An elegant algebraic identity says

(a^2 + b^2)*c^2 + d^2) = (ac + bd)^2 + (ad - bc)^2

If x is the vector [a b] and y is the vector [c d] then this identity can be written

\begin{vmatrix} a & b \\ c & d \end{vmatrix}^2 = \begin{vmatrix} x\cdot x & x \cdot y \\ x\cdot y & y \cdot y \end{vmatrix}

where the dot indicates the usual dot product. I posted this on Twitter the other day.

Gram matrix

Now suppose that x and y are vectors of any length n. The matrix on the right hand side above is called the Gram matrix of x and y, and its determinant is called the Gram determinant or Gramian.

Correlation

Let θ be the angle between x and y in ℝn. Then

\cos\theta = \frac{\langle x , y\rangle} {||x|| \, || y ||}

where ⟨x, y⟩ is the dot product of x and y.

If x and y are data vectors with mean 0, then cos θ is their correlation. Since correlation is unaffected by scaling, we can scale y so that it has the same norm as x, i.e. ||x|| = ||y||. Then the Gram matrix G can be written in terms of cos θ:

G = \begin{pmatrix} \langle x, x\rangle & \langle x ,y\rangle \\ \langle x, y\rangle & \langle y ,y\rangle \end{pmatrix} = ||x||^2 \begin{pmatrix} 1 & \cos \theta \\ \cos \theta & 1 \end{pmatrix}

Generalization

The idea of the Gram matrix generalizes to more than two vectors. If we have m vectors, the Gram matrix is m × m whose (i, j) entry is the dot product of the ith and jth vectors. Note that the dimension n of the vectors does not have to equal the dimension m of the Gram matrix.

Let B be the matrix whose columns are the vectors xi.

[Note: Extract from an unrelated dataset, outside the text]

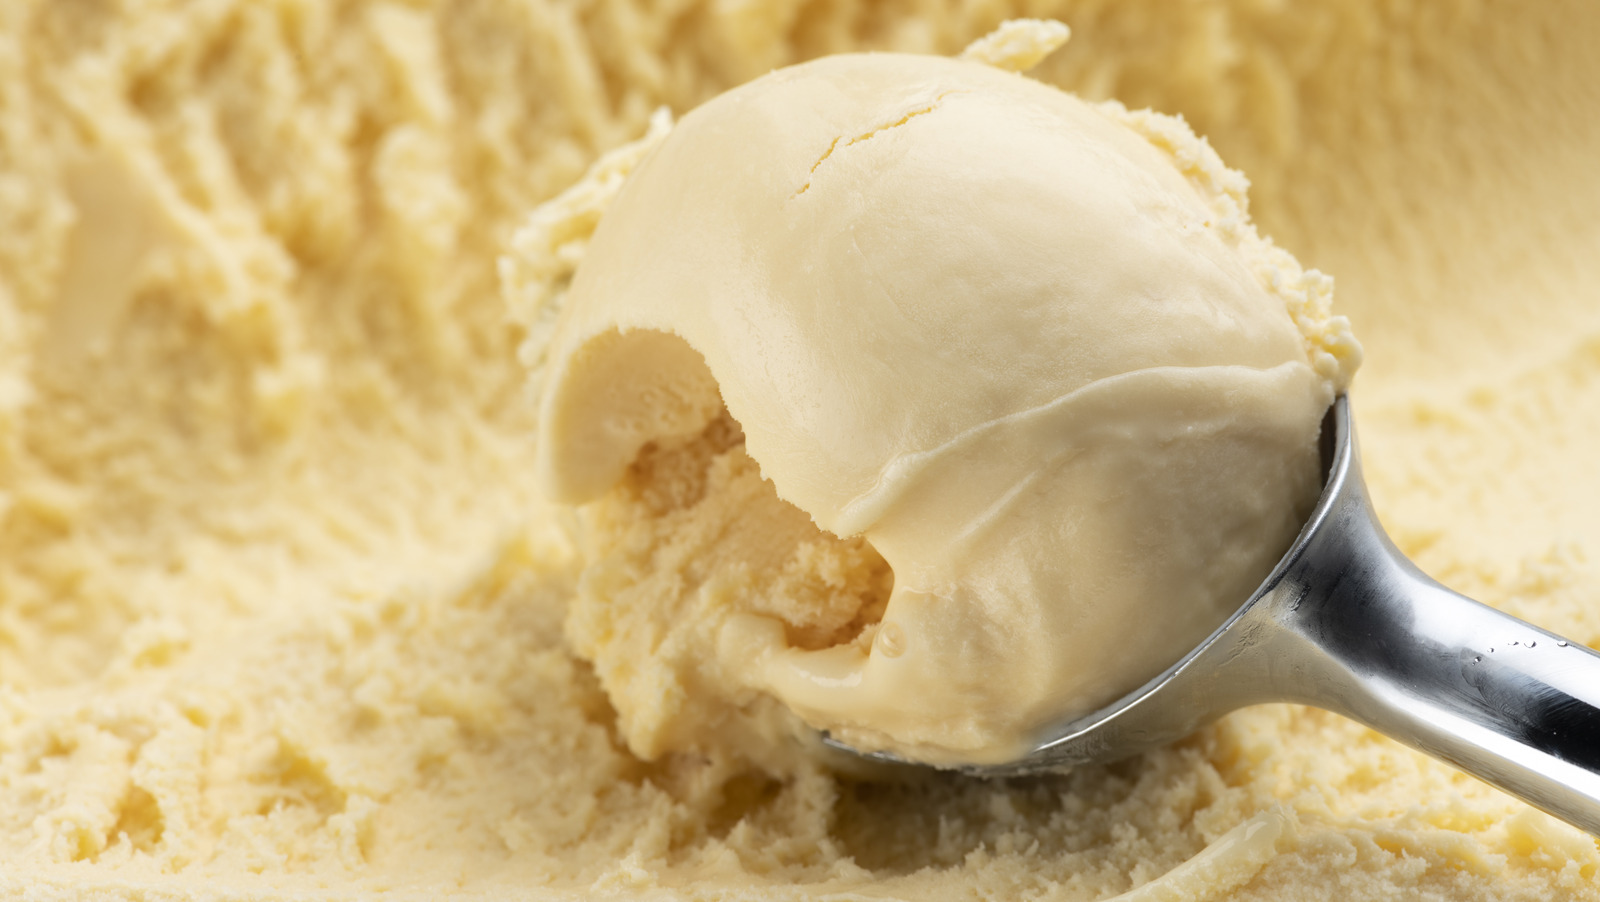 https://www.tastingtable.com/img/gallery/the-sharp-trick-for-softening-ice-cream-much-faster/l-intro-1684162275.jpg

If the number of vectors m does equal the dimension of the vectors n then BT B equals the Gram matrix.

B^\intercal B = G

and so

|B^\intercal B| = |B|^2 = |G|

If m does not equal n then BT B cannot equal G because the two matrices have different dimensions, though the determinants of the two matrices are equal. That is, the square of the m-dimensional volume of the span of the x‘s inside ℝn equals their Gram determinant.

The Gram determinant can be defined for more general inner products than the dot product in ℝn. It could be, for example, the integral of the product of two functions.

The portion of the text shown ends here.